[[ Supplied data, beginning ]]

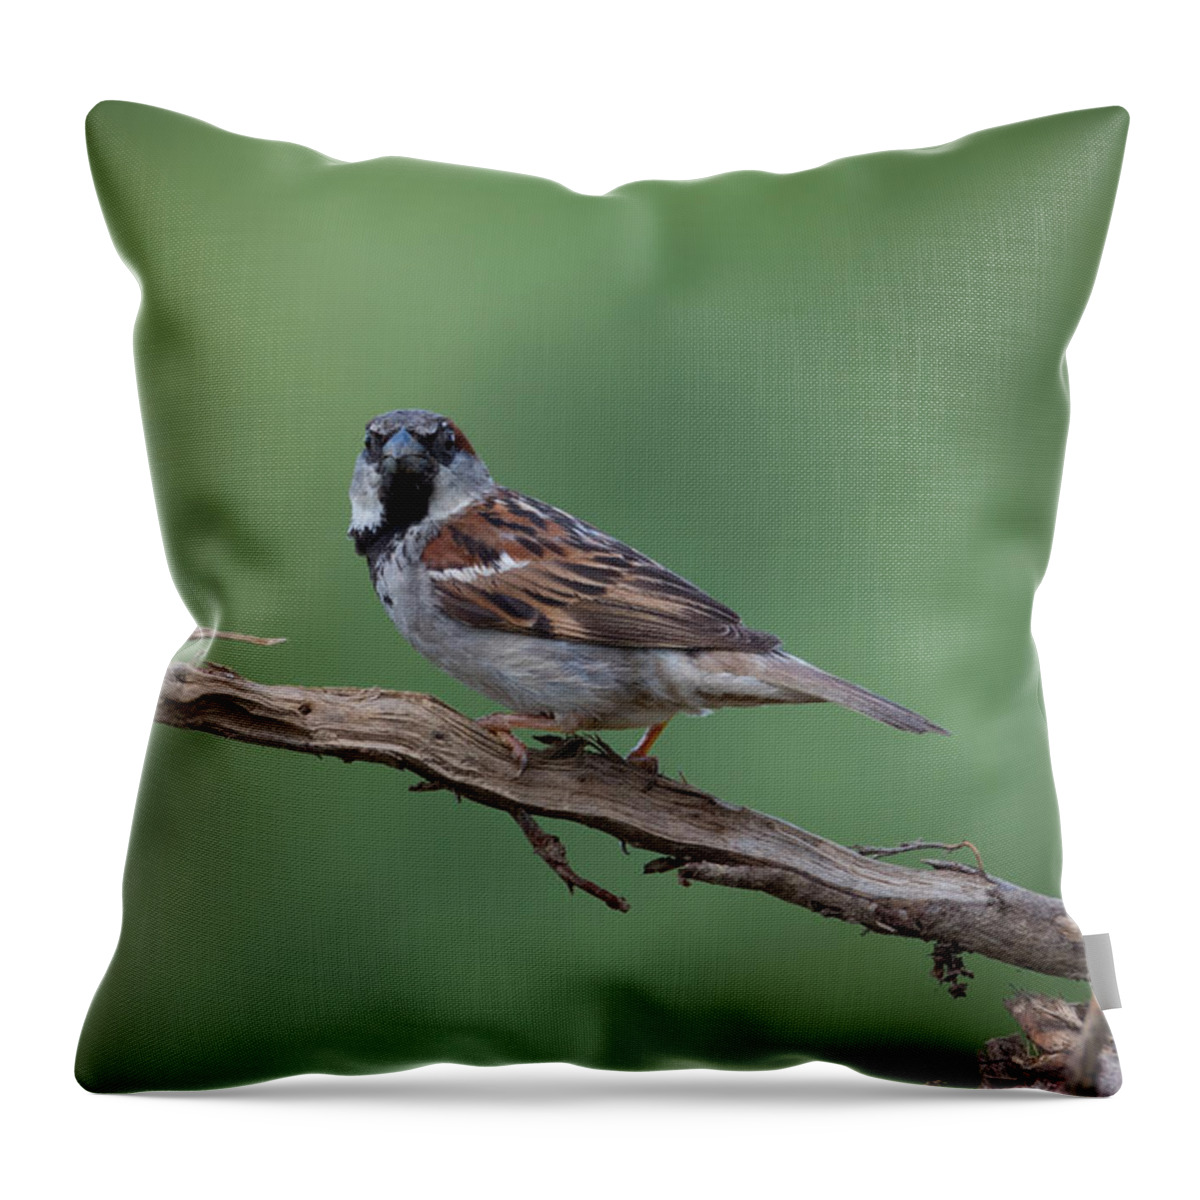 House Sparrow Throw Pillow featuring the photograph House Sparrow by Holden The Moment
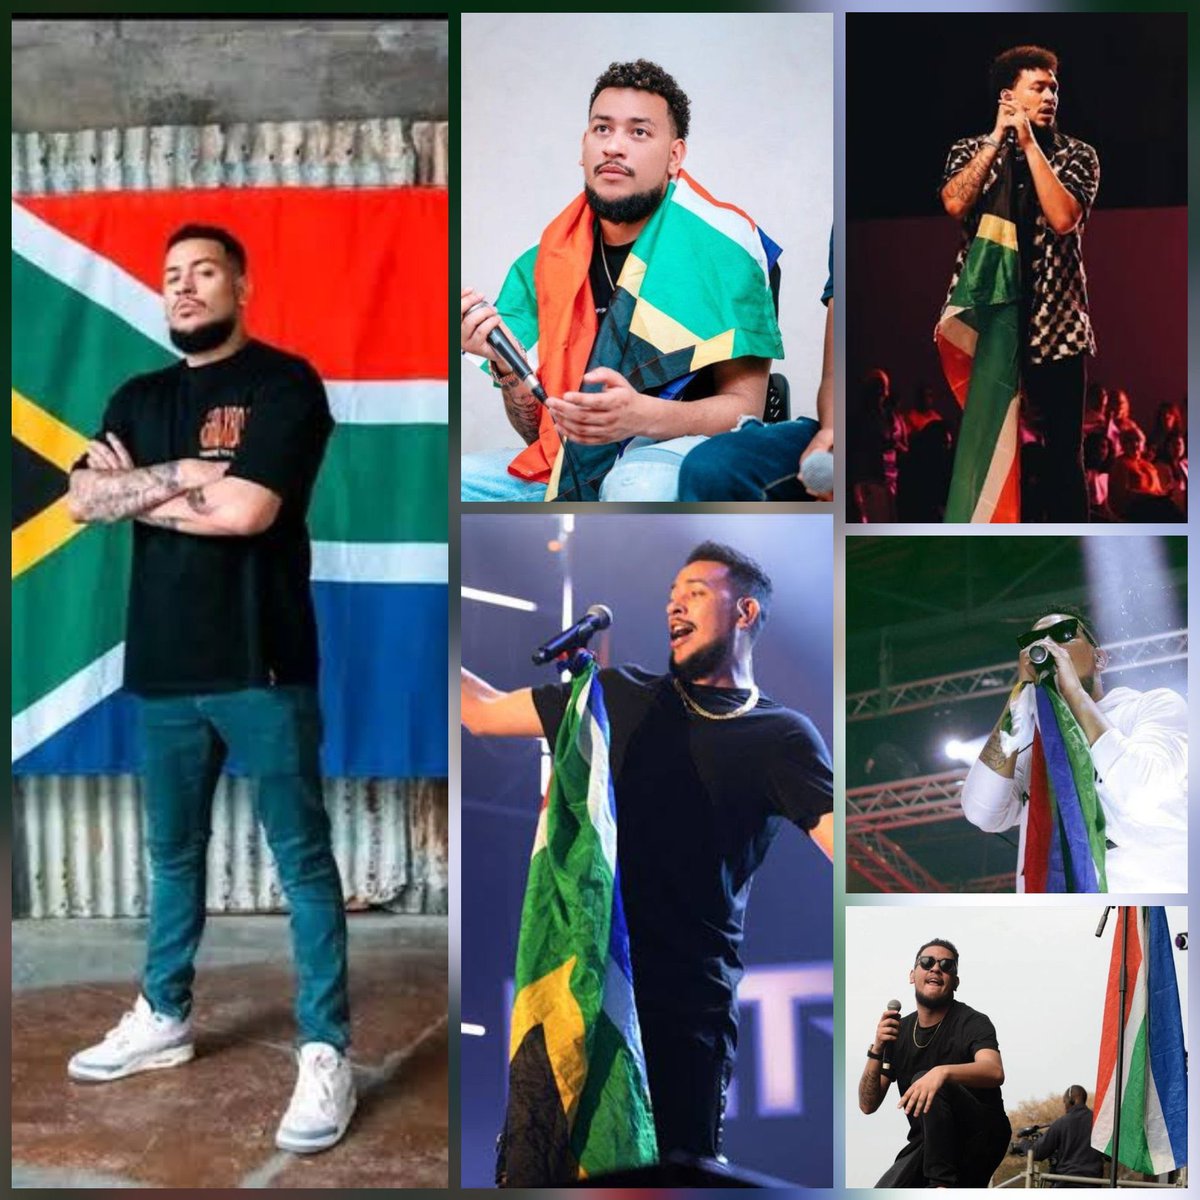 None other artist has ever represented and protected South Africa as you did. You were our Ambassador, Public Protector and Mr President. It was an honor to be your Stan. You have made your mark and left a legacy. 💜

Long Live Supa Mega Live Long. 🙏🏽

#RIPAKA
#JusticeForAKA

[[ Supplied data, end ]]

Work instruction: Retype the listing above exactly, pictures excluded.

Final answer:
 House Sparrow Throw Pillow featuring the photograph House Sparrow by Holden The Moment
 None other artist has ever represented and protected South Africa as you did. You were our Ambassador, Public Protector and Mr President. It was an honor to be your Stan. You have made your mark and left a legacy. 💜

Long Live Supa Mega Live Long. 🙏🏽

#RIPAKA
#JusticeForAKA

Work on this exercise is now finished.